__Try it__.
Restate all the lines below word for word, but omit the pictures.

__Exercise data__.
**********
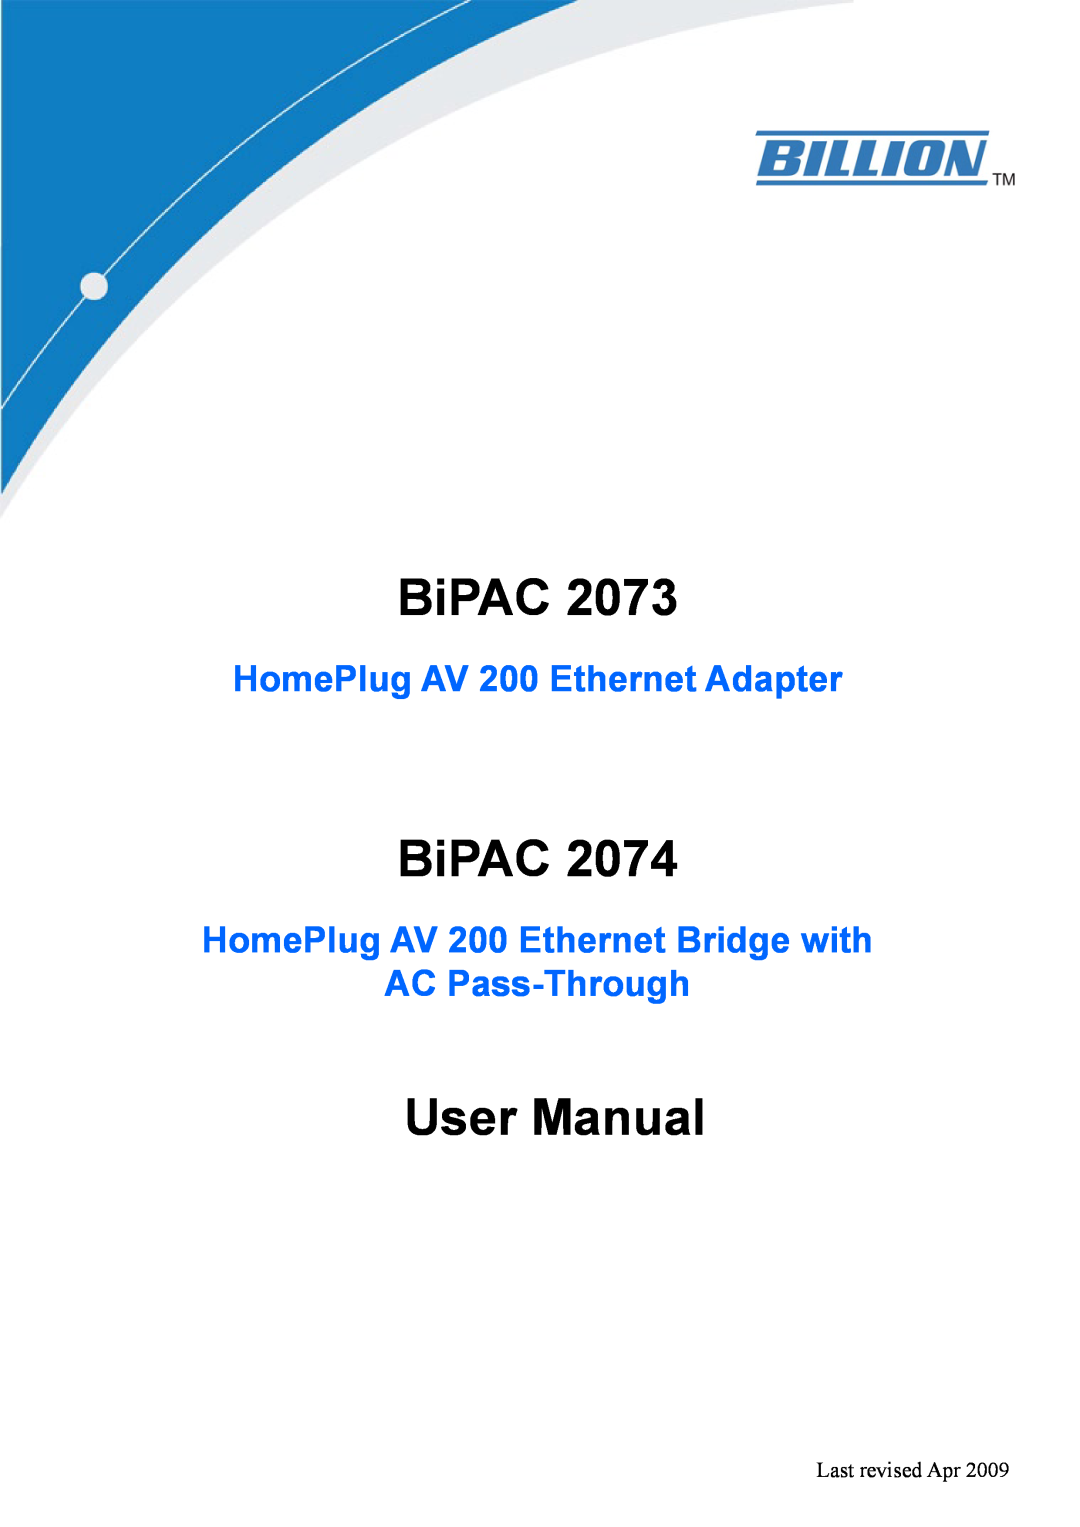 Billion Electric Company 2073 user manual BiPAC, User Manual, HomePlug AV 200 Ethernet Adapter, Last revised Apr 
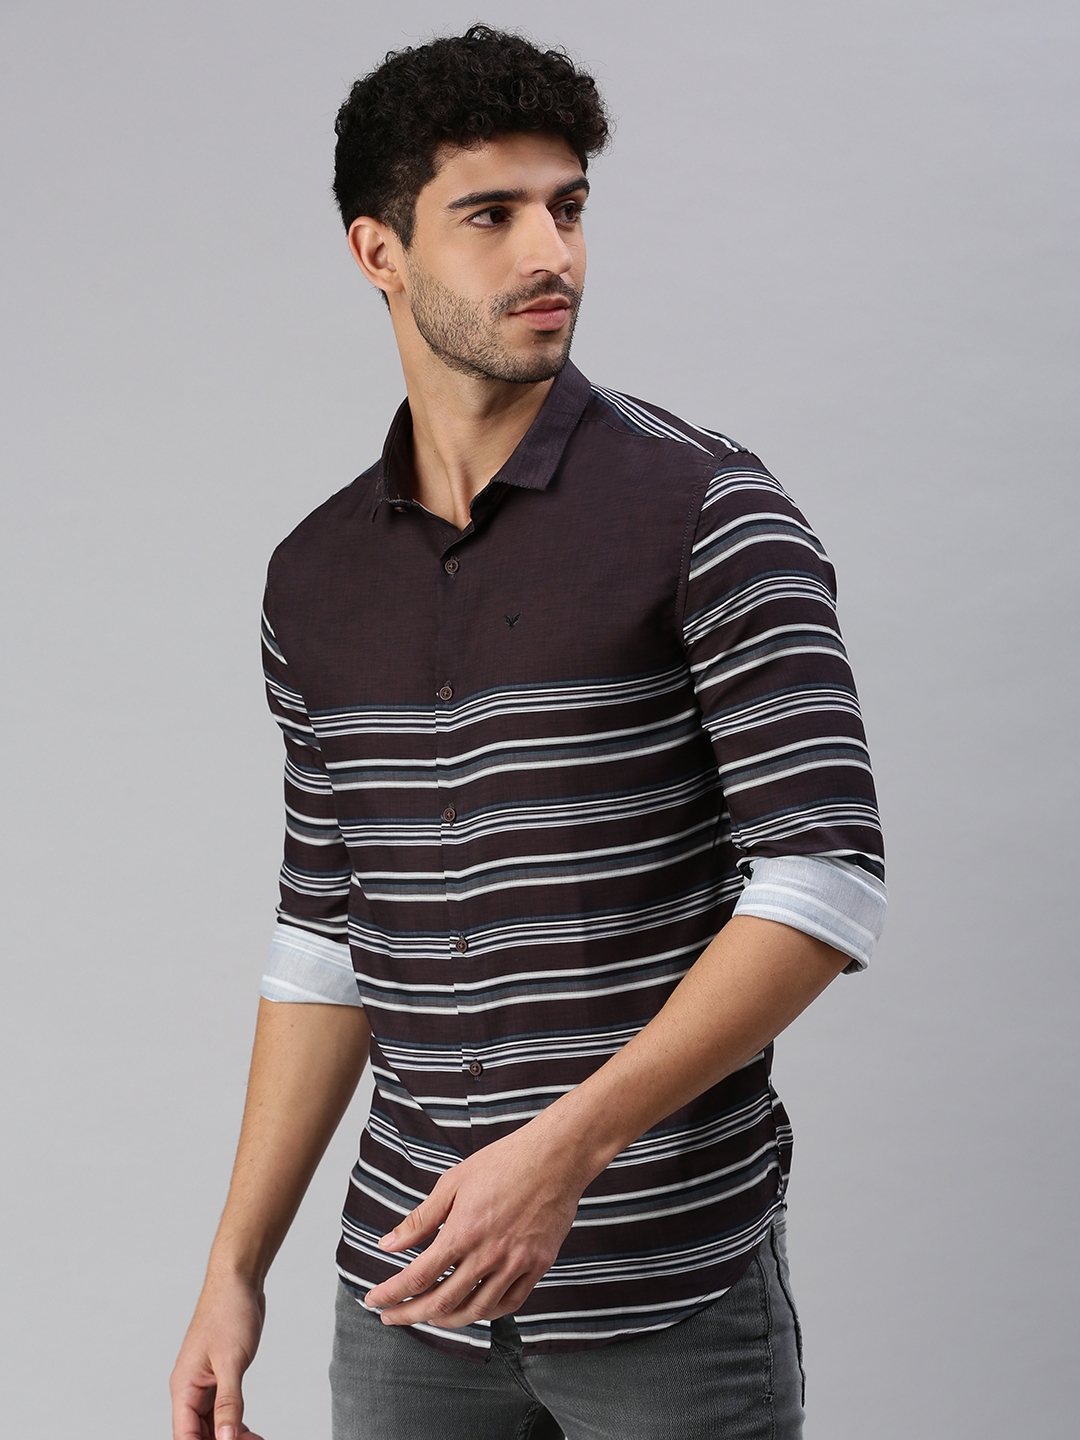 Men's Black Cotton Striped Casual Shirts
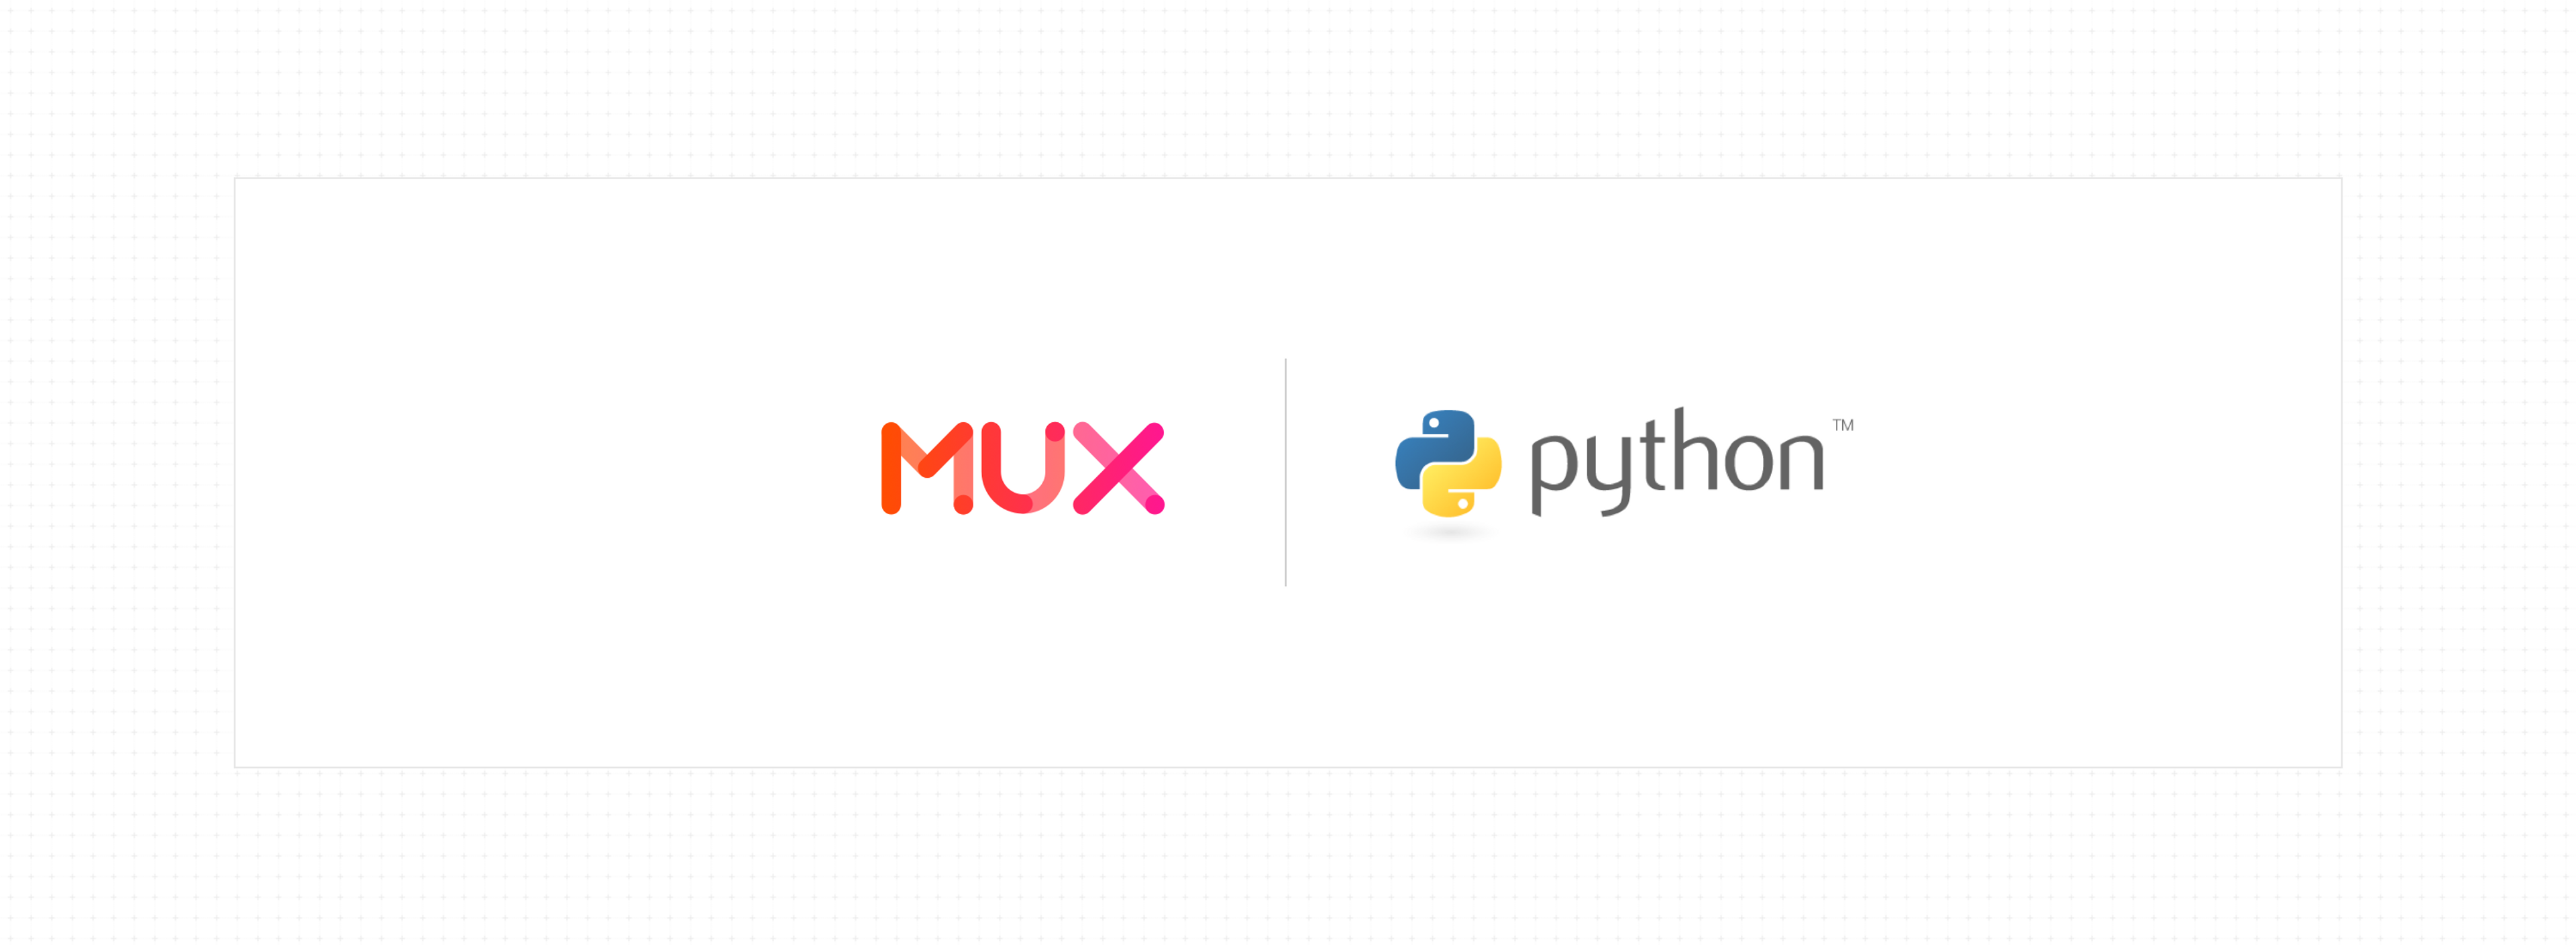 Introducing Mux Python
**********
__Solution__.
 Billion Electric Company 2073 user manual BiPAC, User Manual, HomePlug AV 200 Ethernet Adapter, Last revised Apr 
 Men's Black Cotton Striped Casual Shirts
 Introducing Mux Python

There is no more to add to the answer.